Skoro Pałac Kultury i Nauki to chory sen pijanego cukiernika, architekci odpowiedzialni za powstanie ślepych kuchni jak najszybciej powinni zgłosić się do AA lub po prostu – zmienić dealera. Oczywiście, na upartego – przy dużej dozie zapału i cierpliwości w załatwianiu stricte urzędniczych spraw, możemy pozyskać zgodę na utworzenie (wbrew pierwotnej myśli konstruktora) dodatkowego okna. O ile oczywiście – szczęście nam sprzyja, a sama kuchnia nie znajduje się w środku bloku. Zawsze jednak pozostaje nam inwencja twórcza i kreatywność. Bo w remoncie małej, ślepej kuchni chodzi głównie o jej rozświetlenie. Dlatego też świetnie sprawdzą się w tym wypadku jasne, pastelowe kolory i takie też meble, kuchenne blaty i akcesoria.

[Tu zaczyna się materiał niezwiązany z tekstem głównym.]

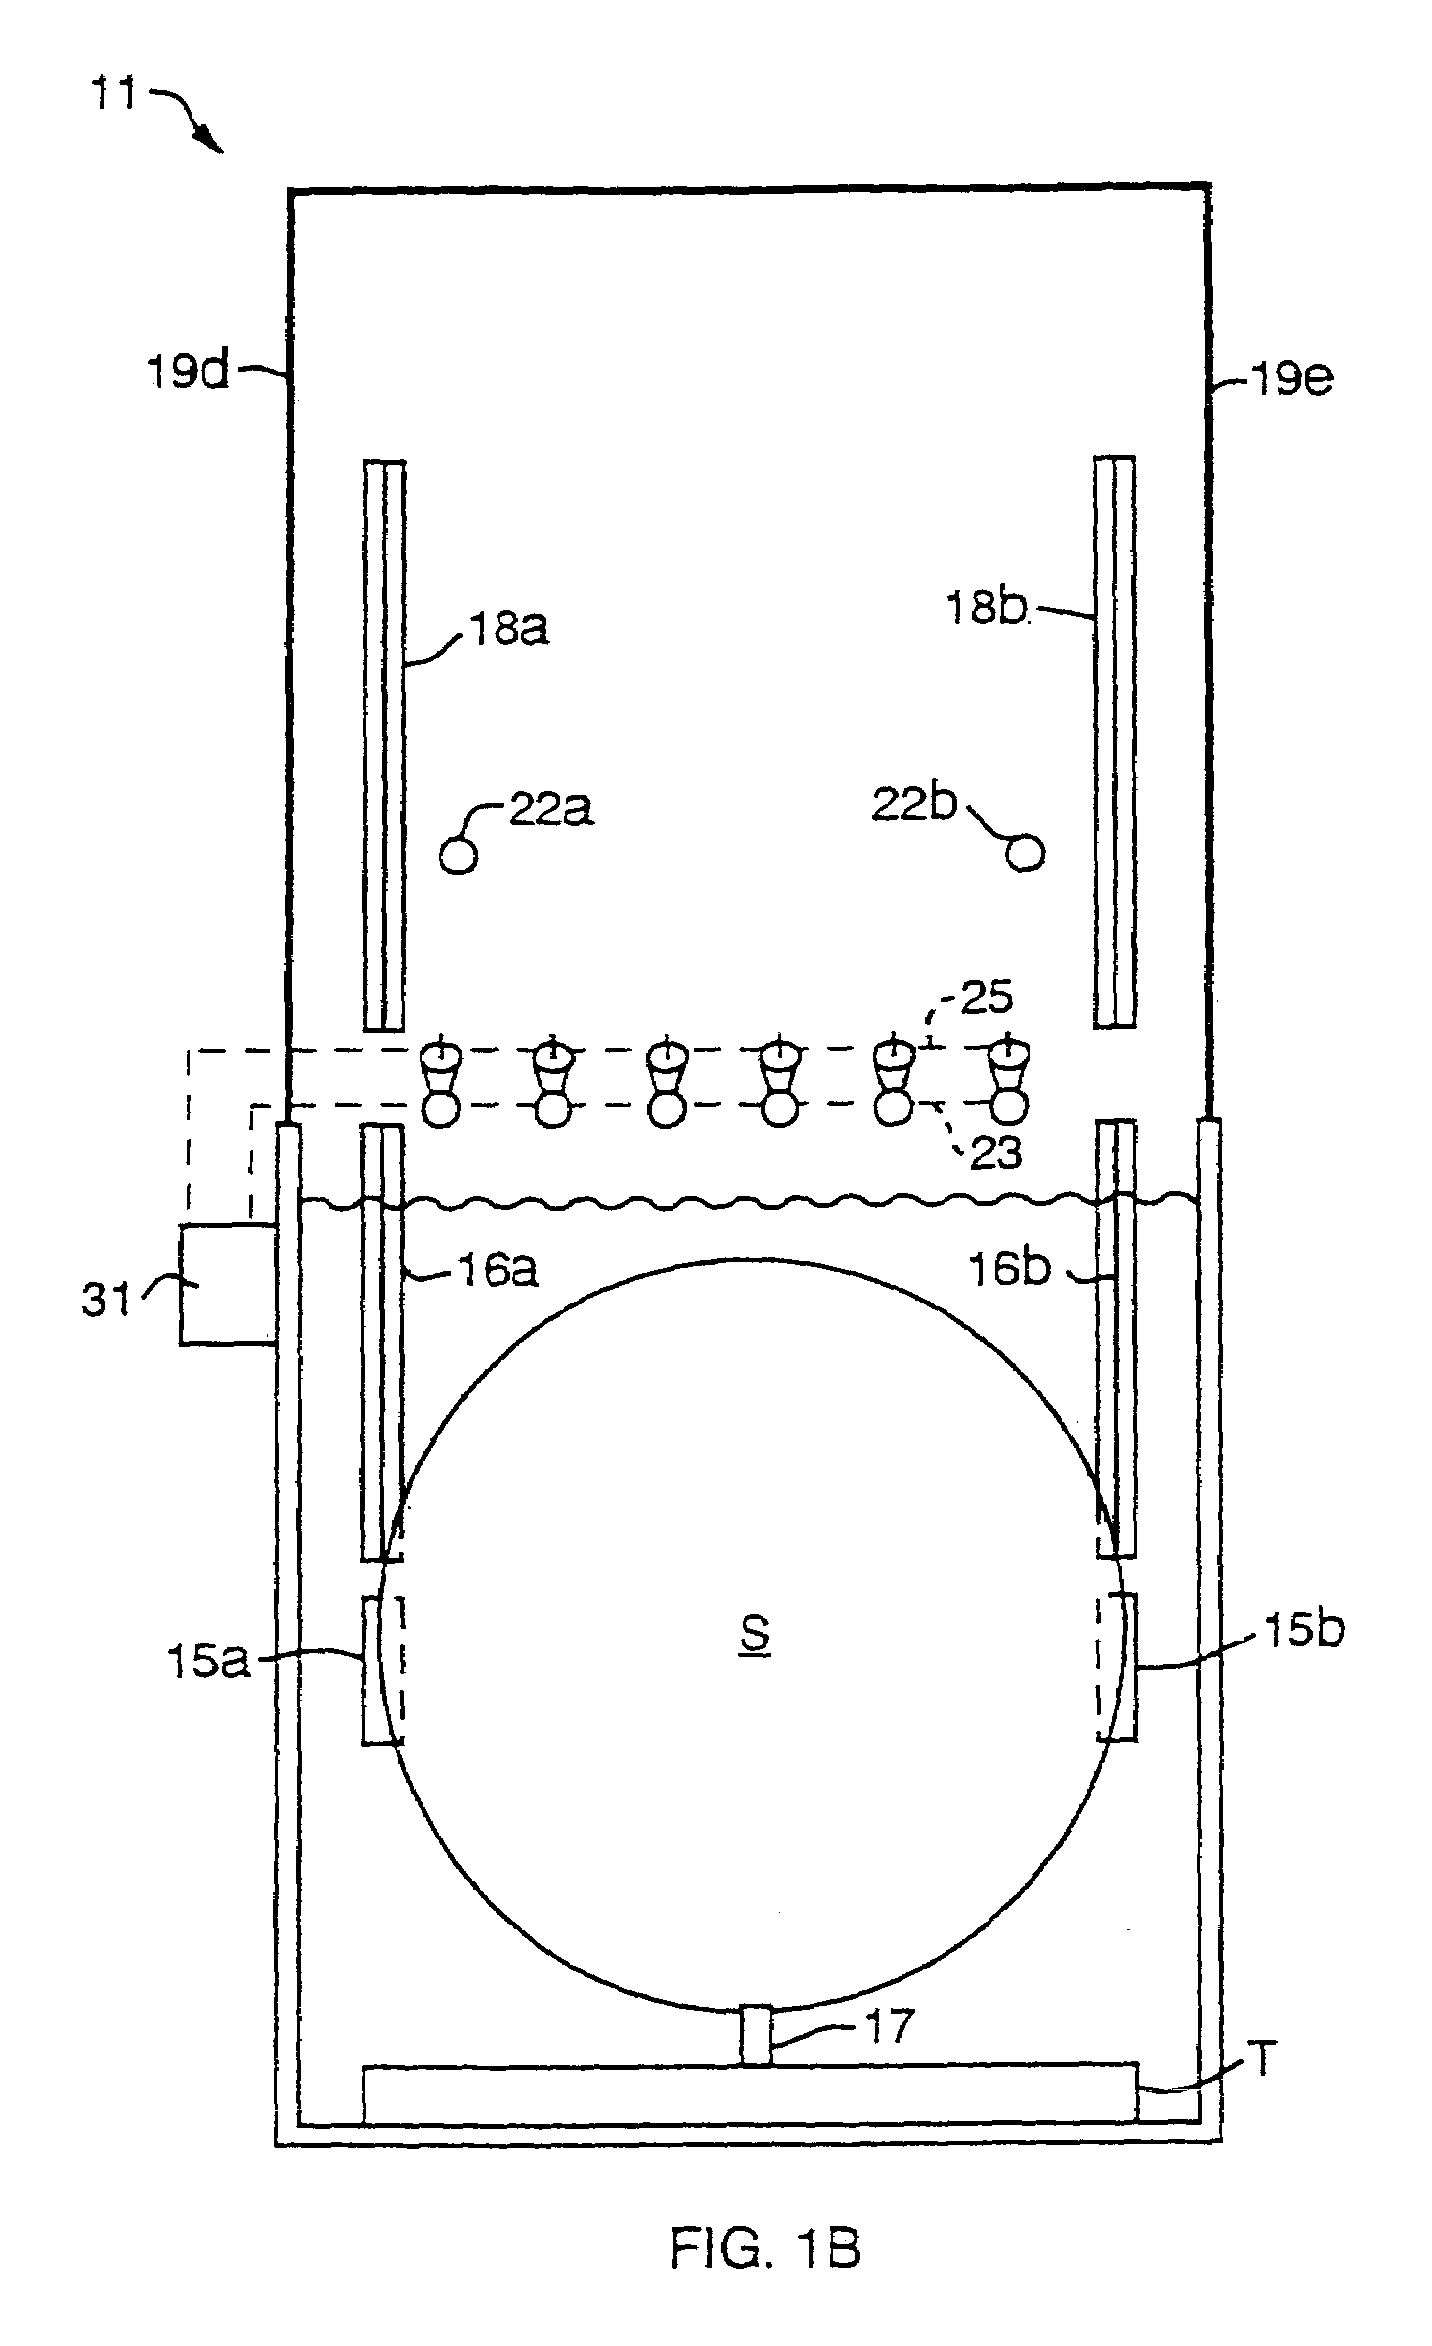 Apparatus for cleaning and drying substrates
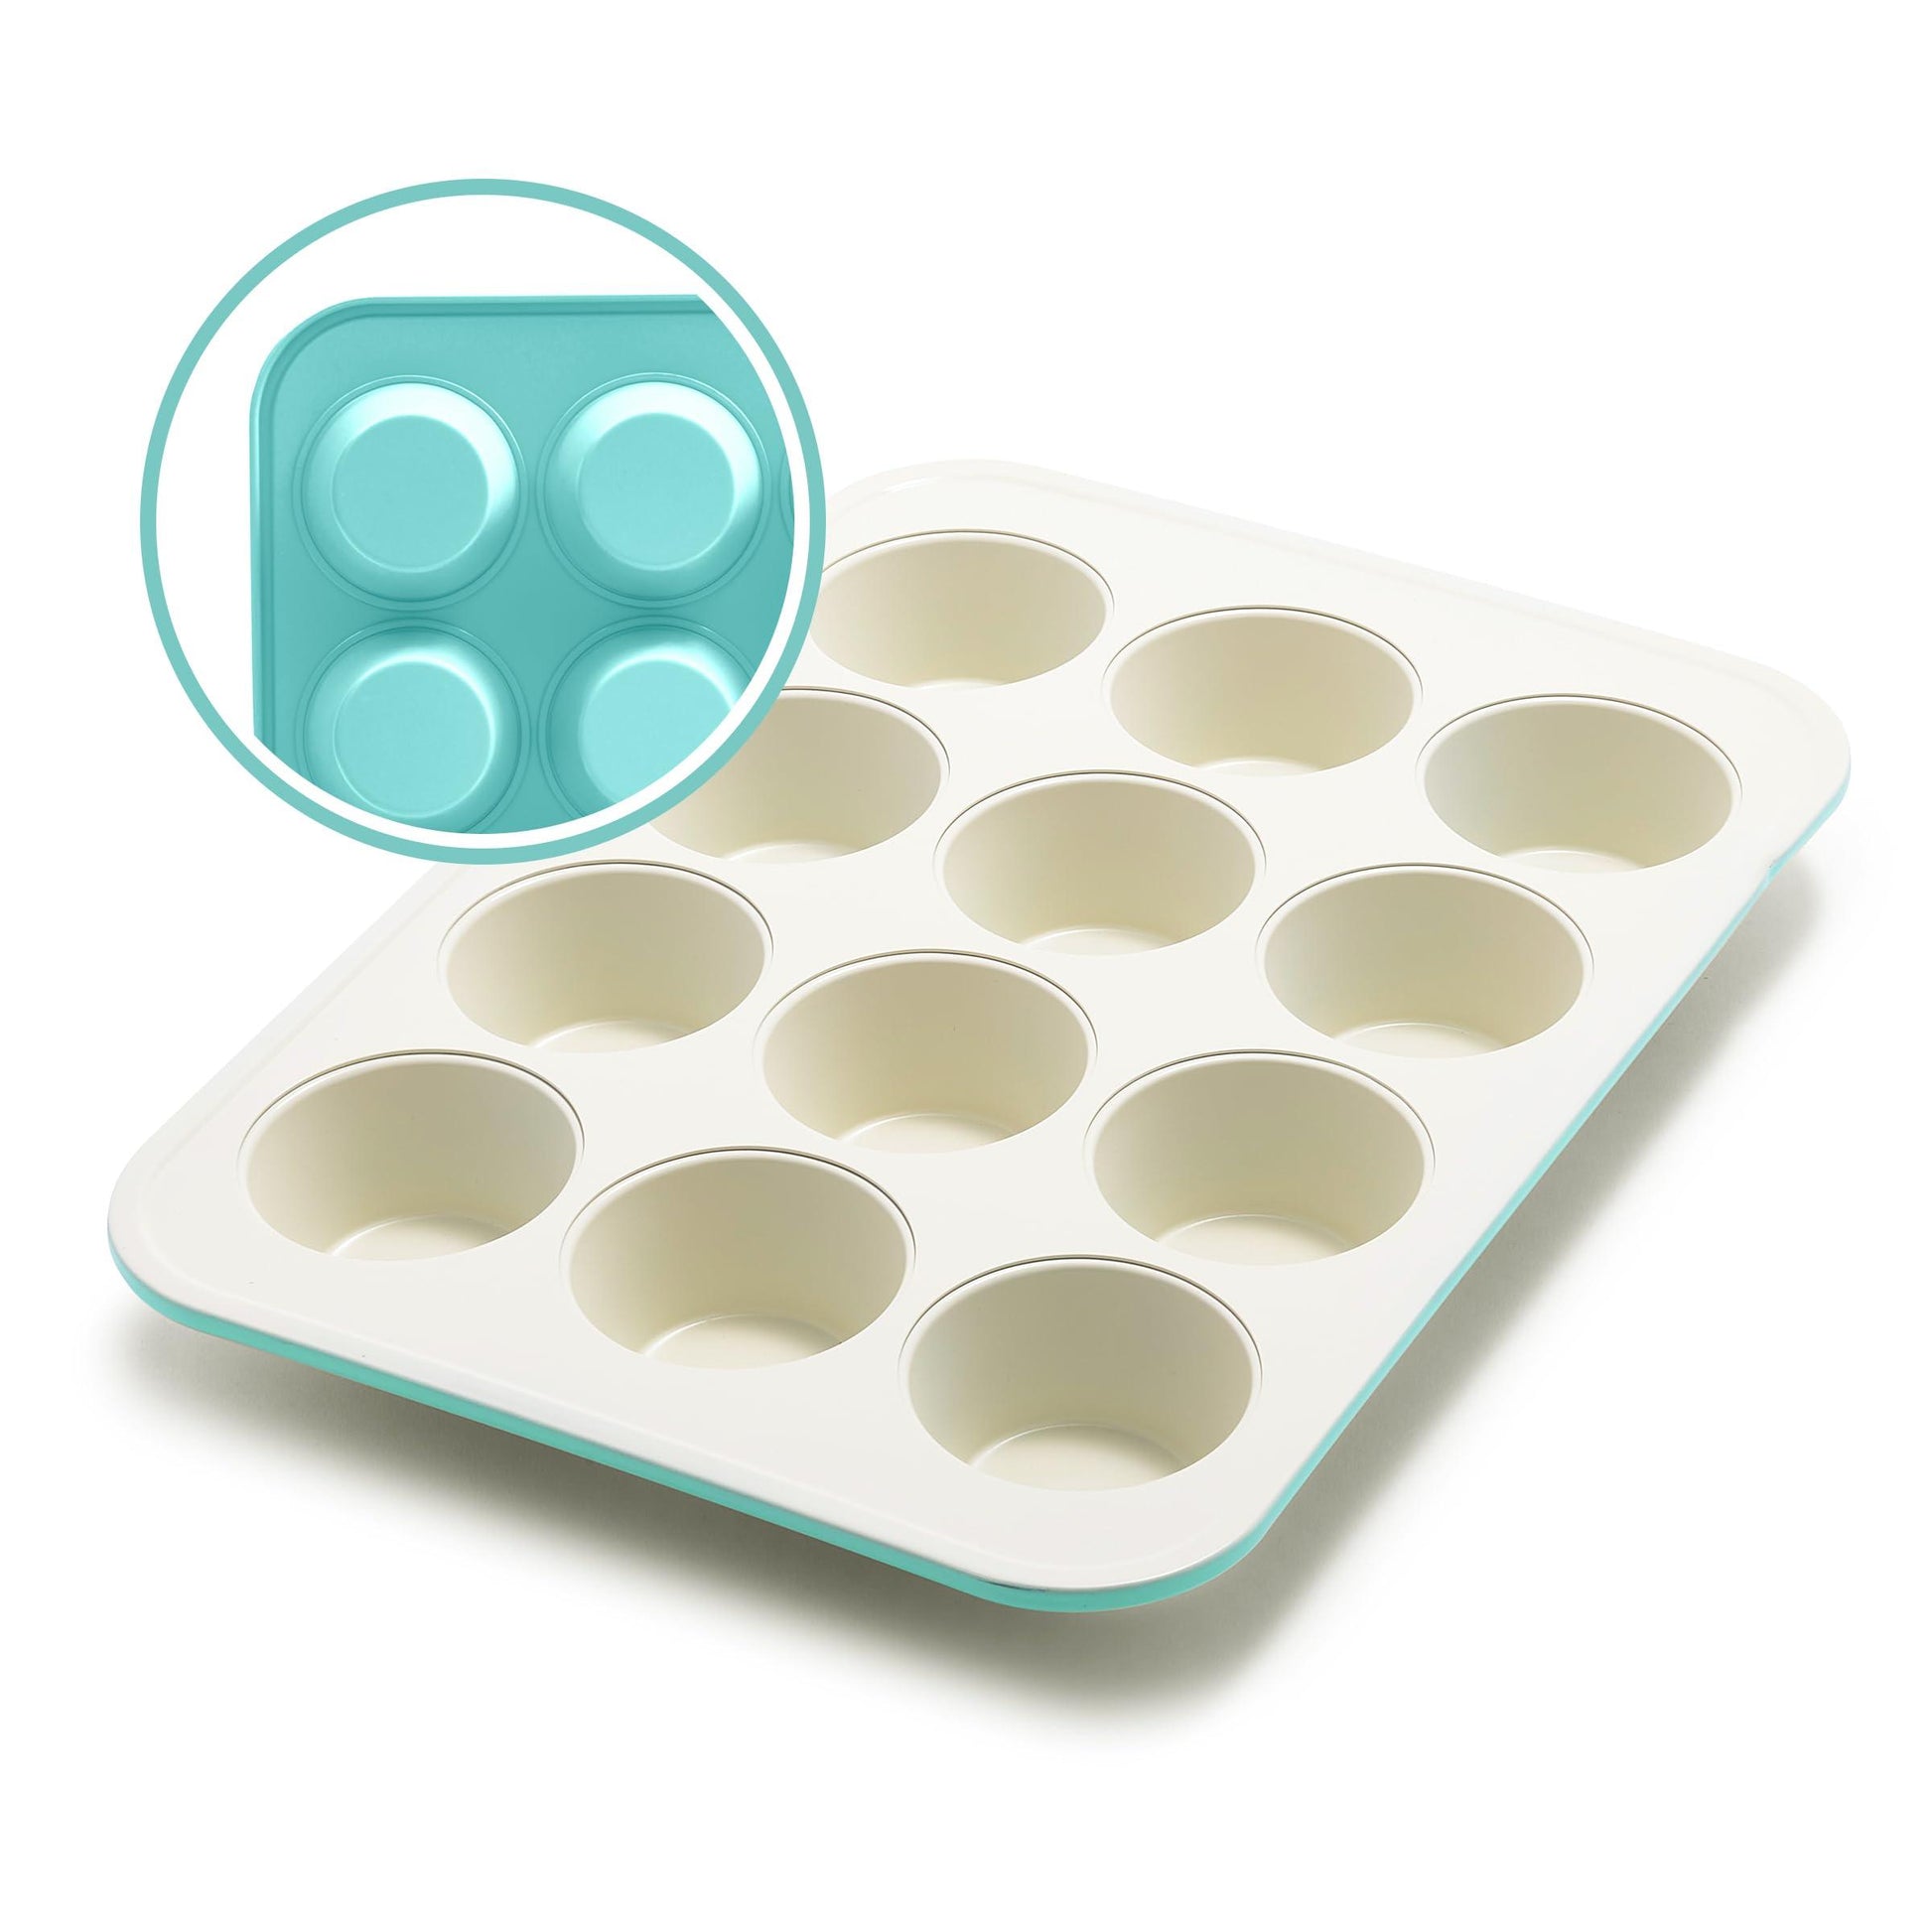 GreenLife Bakeware Healthy Ceramic Nonstick, 12 Cup Muffin and Cupcake Baking Pan, PFAS-Free, Turquoise - CookCave

Najlepsze będą połyskujące materiały w których odbijać się będzie sztuczne światło. To efekt podobny do tego, jakie daje duże lustro zamontowane w niewielkiej łazience – powiększa optycznie mikroskopijne wnętrze i sprawia, że staje się ono mniej klaustrofobiczne. A jeśli urzędnicy nie zgodzą się na przebicie okna na świat – może uda się wywalczyć możliwość zburzenia ściany działowej tak, by połączyć ślepą kuchnię z resztą mieszkania. Powstanie w ten sposób salon z aneksem, który rozłoży przed nami szeroki wachlarz aranżacyjnych możliwości. Kiedy jednak kuchnię z salonem dzieli ściana nośna, której nijak nie da się wyburzyć – warto przemyśleć zastosowanie świetlików. Luksfery produkowane są w wielu formach i kolorach, a oprócz utylitarnej funkcji – świetnie sprawdzają się w roli niekonwencjonalnej dekoracji.